Then a console application ("NVIDIA Software Installer for Unix/Linux") will come up with a text-based message box:
Please read the following LICENSE and then select either "Accept" to accept the license and continue with the installation, or select "Do Not Accept" to abort the installation.
We choose "Accept" (navigate using arrow keys and press [Enter]).
Another message will appear:
No precompiled kernel interface was found to match your kernel; would you like the installer to attempt to download a kernel interface for your kernel from the NVIDIA ftp site (ftp://download.nvidia.com)?
Our answer is "Yes".
We get
No matching precompiled kernel interface was found on the NVIDIA ftp site; this means that the installer will need to compile a kernel interface for your kernel.
Well, so be it. We select "OK" (there is, of course, no other option).
Then it will go through a number of steps:
- Building kernel module
- Searching for conflicting X files
- Searching for conflicting OpenGL files
- Installing NVIDIA Accelerated Graphics Driver for Linux-x86 (185.18.14)
And then another message box will appear:
Would you like to run the nvidia-xconfig utility to automatically update your X configuration file so that the NVIDIA X driver will be used when you restart X? Any pre-existing X configuration file will be backed up.
We select "Yes".
Hopefully you will then see (as we did):
Your X configuration file has been successfully updated. Installation of the NVIDIA Accelerated Graphics Driver for Linux-x86 (version: 185.18.14) is now complete.
and select "OK".
Driver status check
So far, so good. However,
root@bob05:/homes/pb401/thalesians/workshops/2009-09-11/install# /sbin/modprobe -l nvidia
still shows
/lib/modules/2.6.24-19-generic/volatile/nvidia.ko /lib/modules/2.6.24-19-generic/kernel/drivers/video/nvidia.ko
so looks like the old driver is still active and we need to reboot.

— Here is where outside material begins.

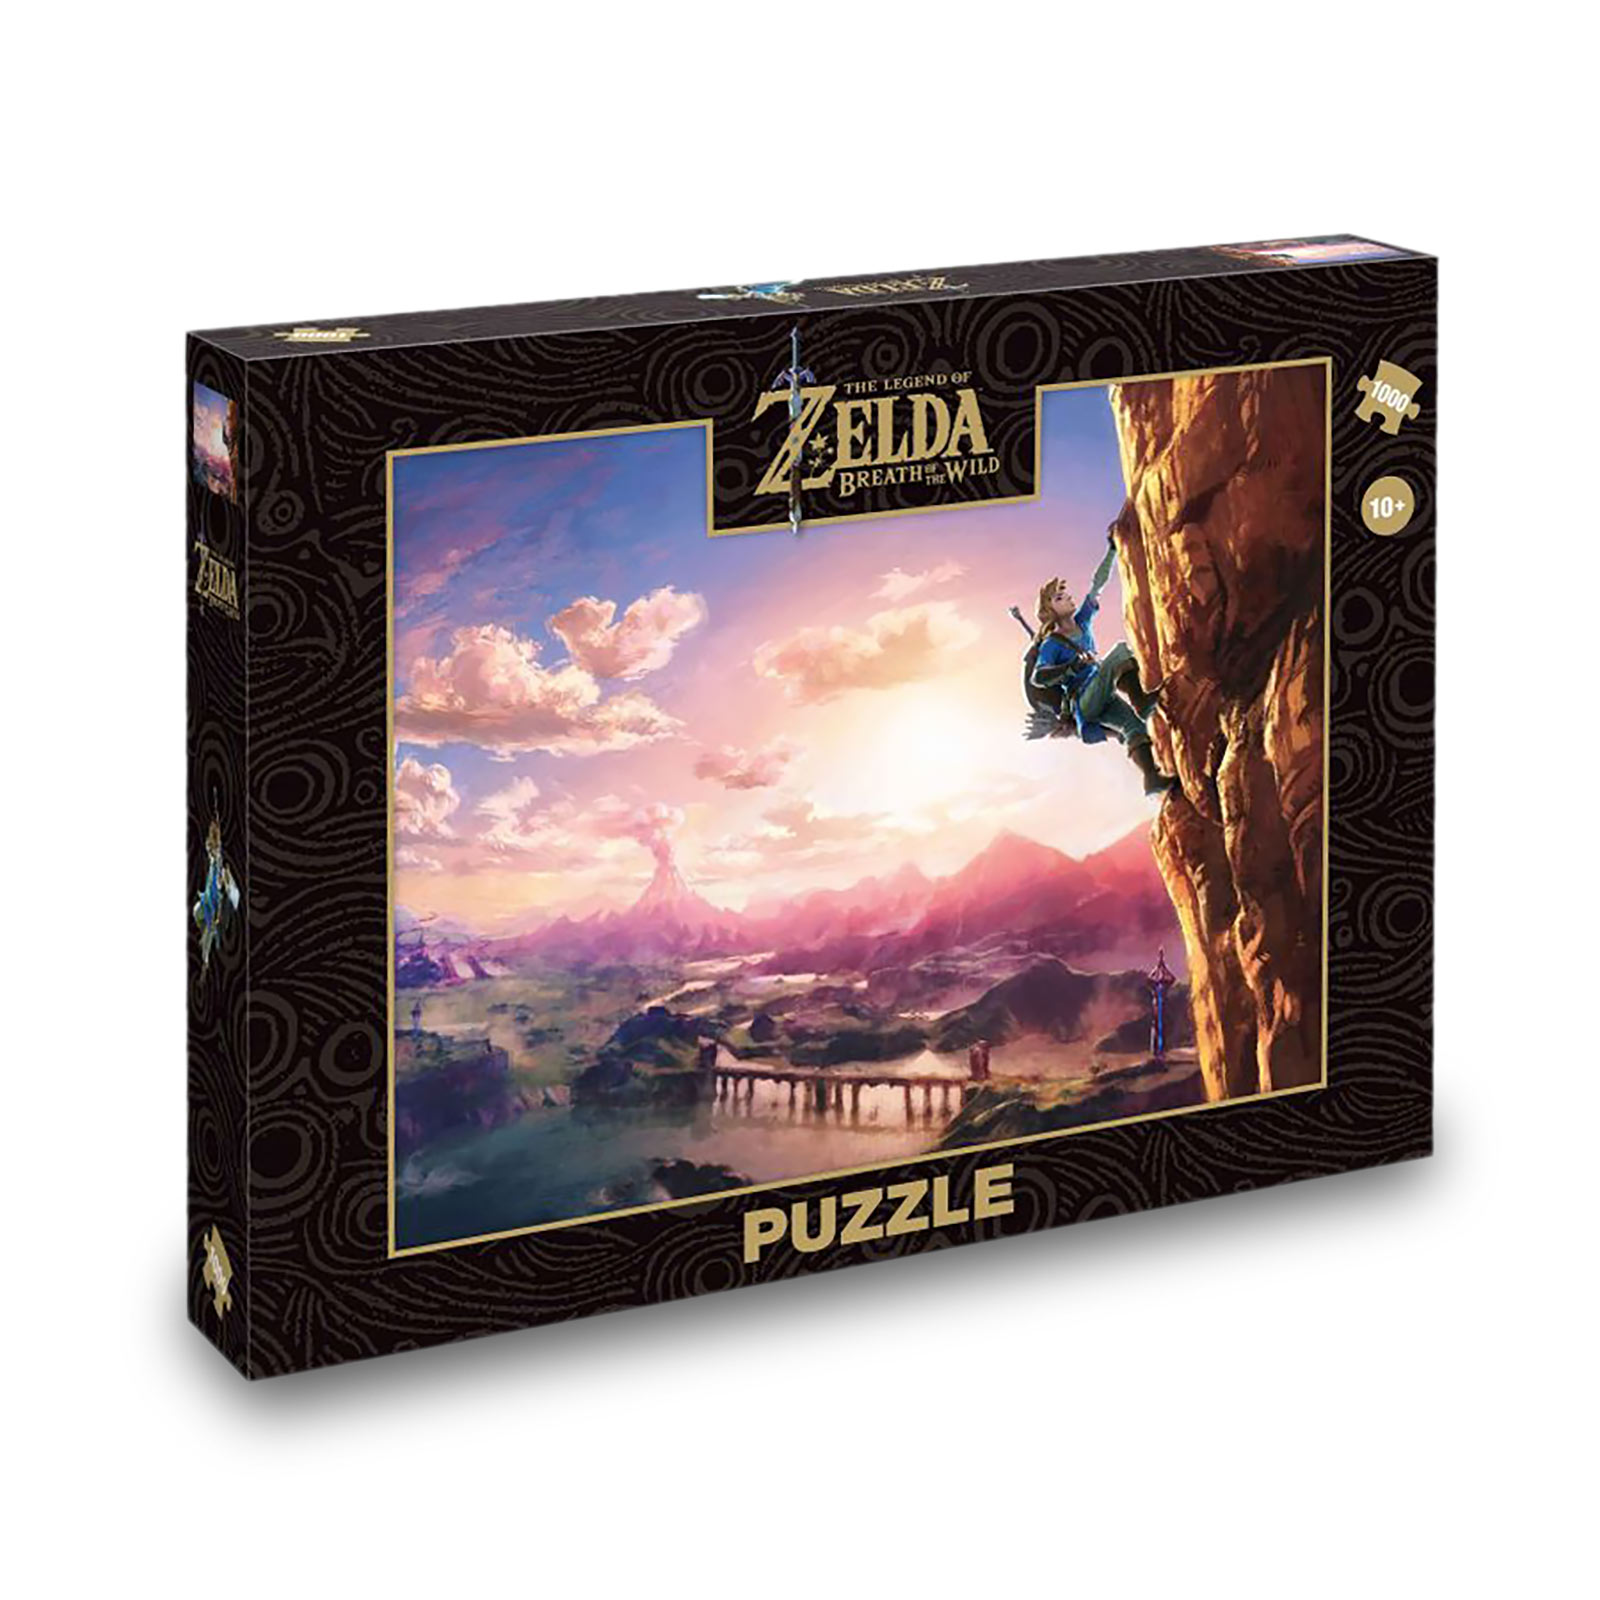 Zelda - Breath of the Wild Puzzle

If we were to reboot now, the system will still pick up the old NVIDIA driver and this will result in you being told that there is no CUDA capable card available in the machine if we try to run NVIDIA CUDA examples (more on them later). We can verify this by running
root@bob05:/homes/pb401/thalesians/workshops/2009-09-11/install# /sbin/modprobe -nv nvidia
If the response is
install /sbin/lrm-video nvidia
then the configuration is still pointing to the old driver. This brings us to our next step...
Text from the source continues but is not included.